- Decades:: 1730s; 1740s; 1750s; 1760s; 1770s;
- See also:: History of Canada; Timeline of Canadian history; List of years in Canada;

= 1759 in Canada =

Events from the year 1759 in Canada.

==Incumbents==
- French Monarch: Louis XV
- British and Irish Monarch: George II

===Governors===
- Governor General of New France: Pierre François de Rigaud, Marquis de Vaudreuil-Cavagnal
- Colonial Governor of Louisiana: Louis Billouart
- Governor of Nova Scotia: Charles Lawrence
- Commodore-Governor of Newfoundland: Richard Edwards

==Events==
- Tuesday May 22 - A British fleet approaches Quebec.
- Thursday June 28 - French fire ships, intended to burn the British fleet, at Quebec, are taken ashore by British sailors.
- Thursday July 26 - Carillon (Fort Ticonderoga) is abandoned by the French.
- Saturday July 28 - Another French fireship attack fails against the British.
- Tuesday July 31 - British forces attempt to take French fortifications at Montmorency and fail bitterly.
- August 8 to August 9 - British guns, on Pointe Lévis, fire the lower town of Quebec.
- Thursday September 13 - James Wolfe lands a force at Fuller's Cove, between 1 and 2 in the morning. They climb to the Plains of Abraham. At 6 a.m., Marquis de Montcalm is informed that the British have accomplished what he deemed impossible; but discredits the report. With 4,500, he fights about an equal number; but his men cannot resist bayonets. Each leader receives a mortal wound.
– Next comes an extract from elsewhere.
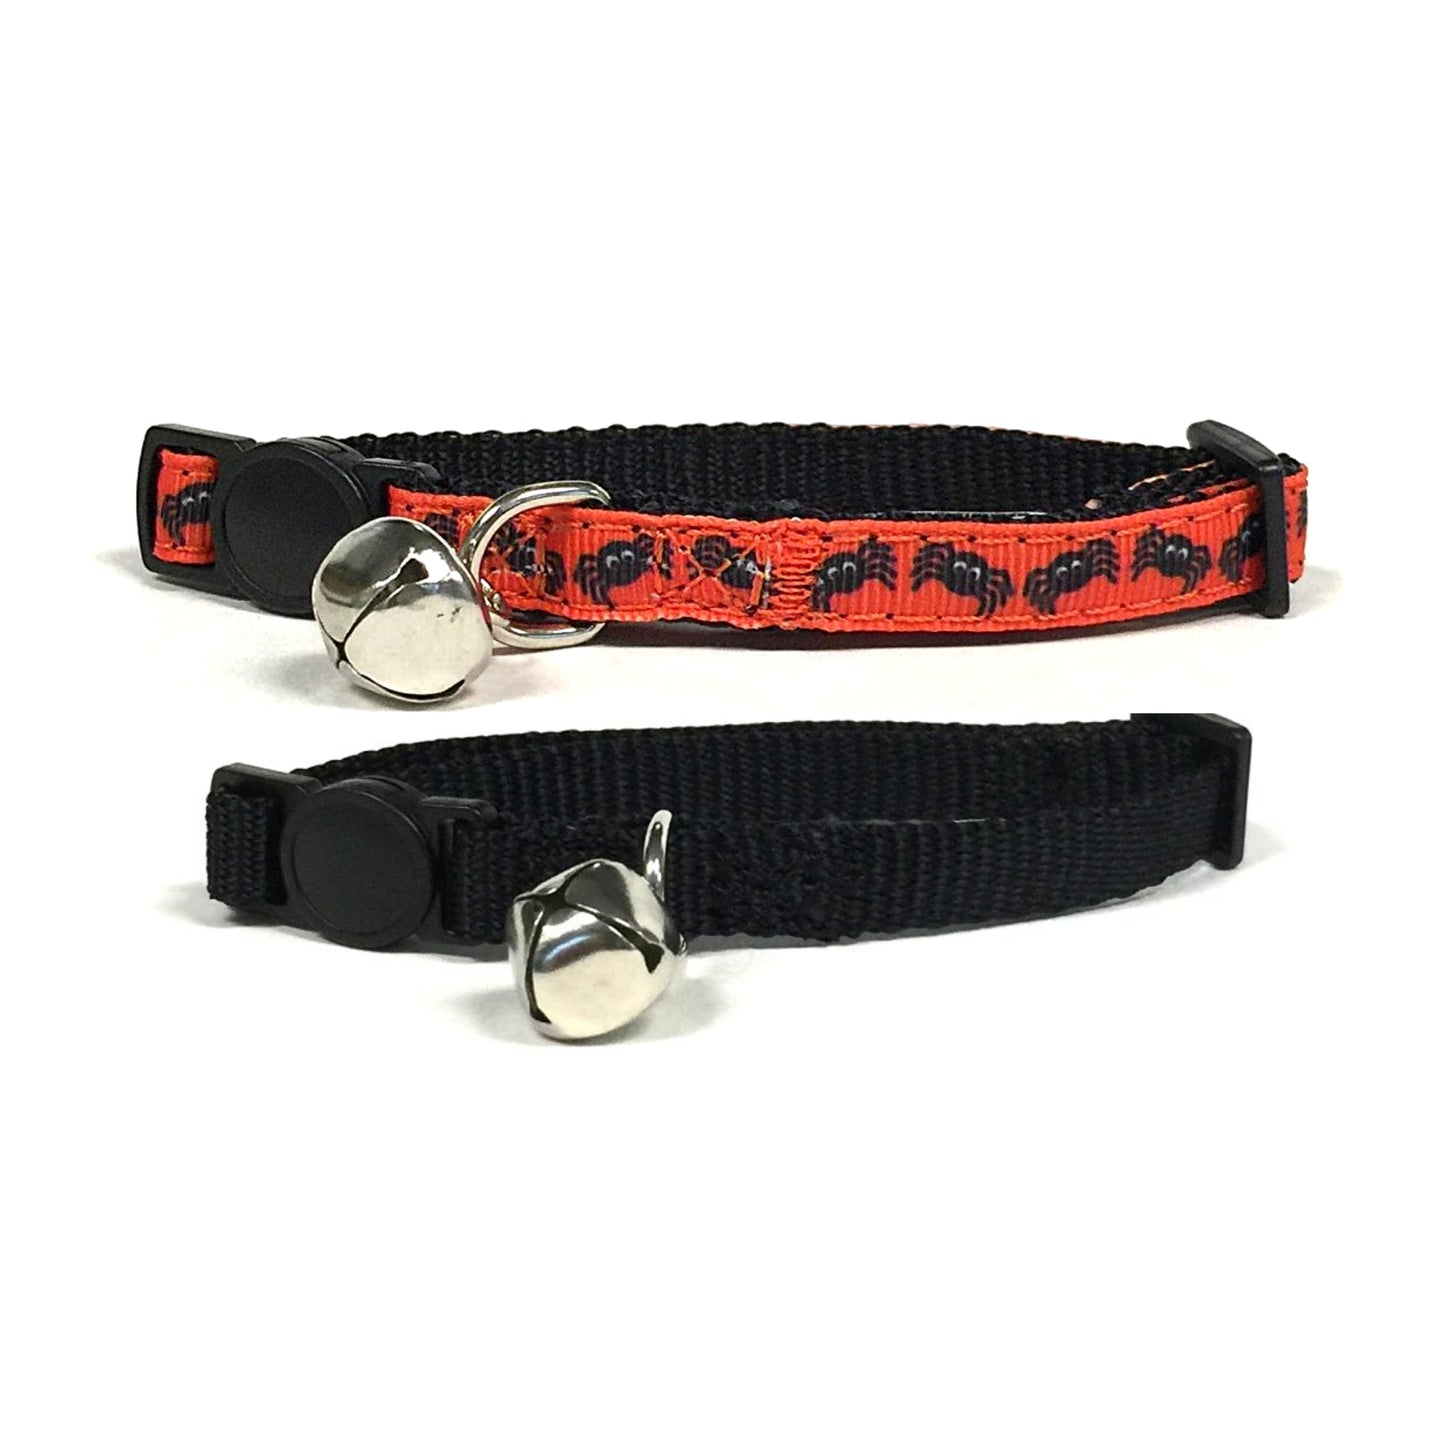 Midlee Halloween Spider Cat Collar Set with Safety Buckle

Wolfe asks an officer to support him so that his followers may not be discouraged by his fall.
- Friday September 14 - Montcalm dies in the Château St-Louis.
- Monday September 17 - Capitulation of Quebec.
- Tuesday September 18 - The British take possession of Quebec.
- Proclamation issued by Governor of Nova Scotia invites New Englanders to settle there.

==Deaths==
- September 13 - James Wolfe, British Army officer (born 1727)
- September 14 - Marquis de Montcalm, French Military Commander (Born 1712)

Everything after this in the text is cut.